After the deep and thorough studies by Steve Souders on web fonts, there's surely a lot of concern among web developers about web fonts and their impact on page performance. However, such a concern should not be taken too seriously, because the interesting results reported by Steve concern only web fonts included via the CSS @font-face
rule. In short, Steve found out that this kind of font embedding creates a peculiar effect on web pages: fonts are first rendered without the specified web font and only later the font is completely loaded. This actually slows down page loading.
The example quoted above doesn't take into account the fonts embedded via JavaScript.

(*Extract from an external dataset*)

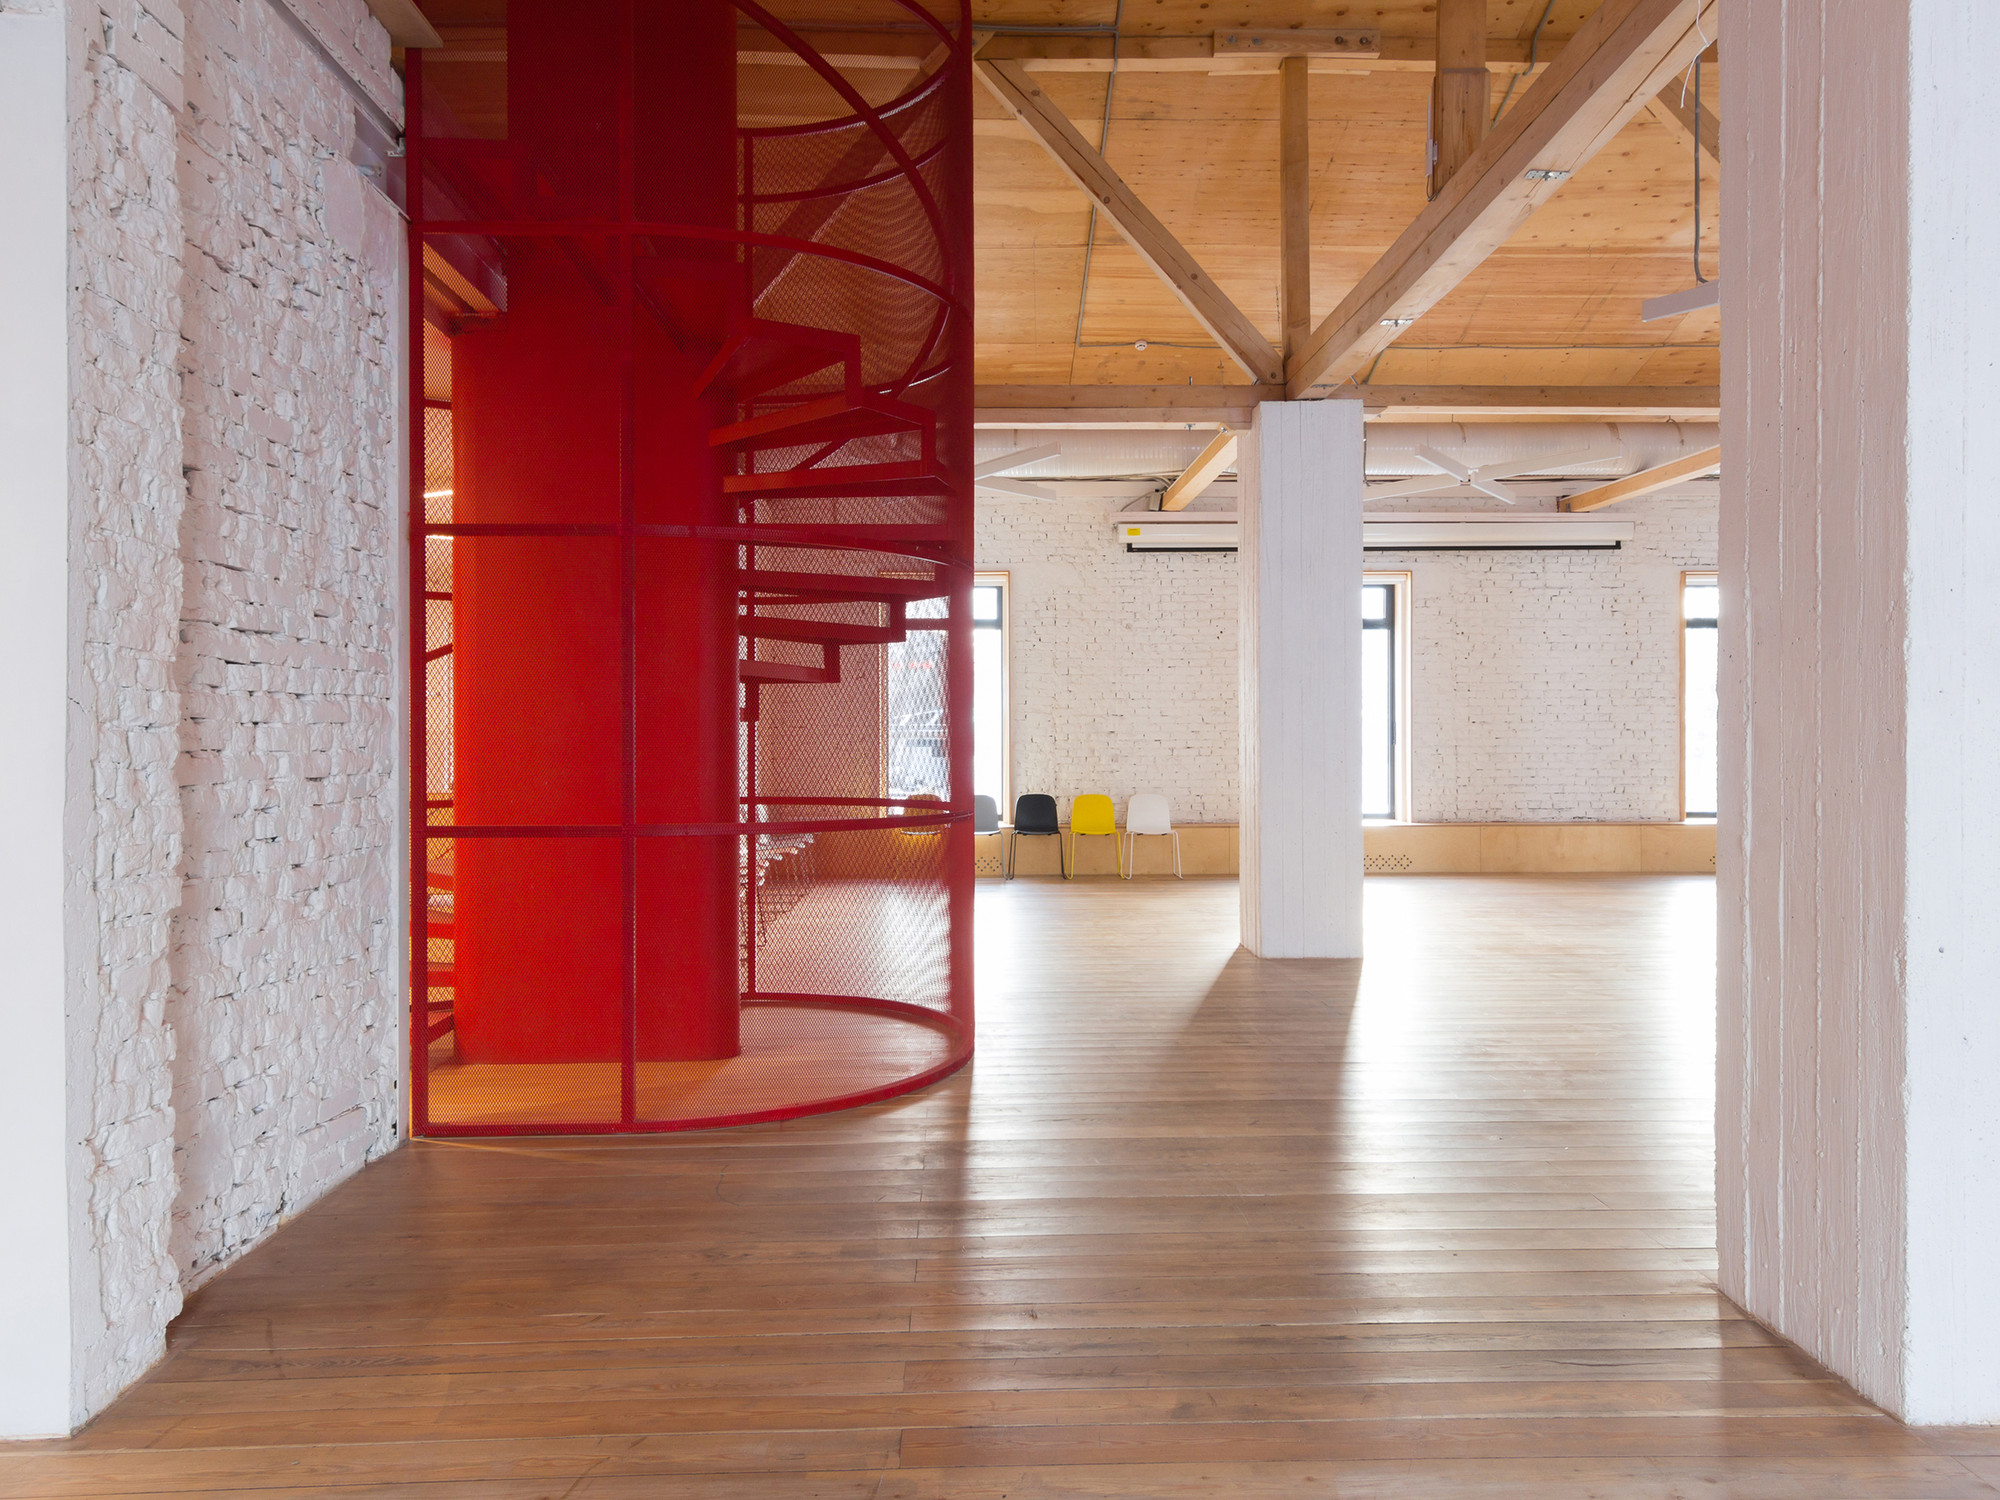 Gallery of Garage CCC Education Center FORM Bureau 1

The technique used in JavaScript is also known as cufon and is made up of two components:
- the cufon loader
- the web font to be loaded
Example:
<script src='http://cufon.shoqolate.com/js/cufon-yui.js' type='text/javascript'/> <script src='chunkfive.cufonfonts.js' type='text/javascript'/> <script type='text/javascript'> Cufon.replace('h3, h4', { fontFamily: 'ChunkFive-Roman', hover: true }); </script>
Unfortunately, the side effect of this technique is exactly the same as the aforementioned CSS technique: fonts are first rendered without styles and styled only later.
Apparently, the only way that has a minimum impact on page performance seems to be the inclusion via the link
element proposed by Google with its web fonts. I didn't notice any significant impact on page loading using this technique.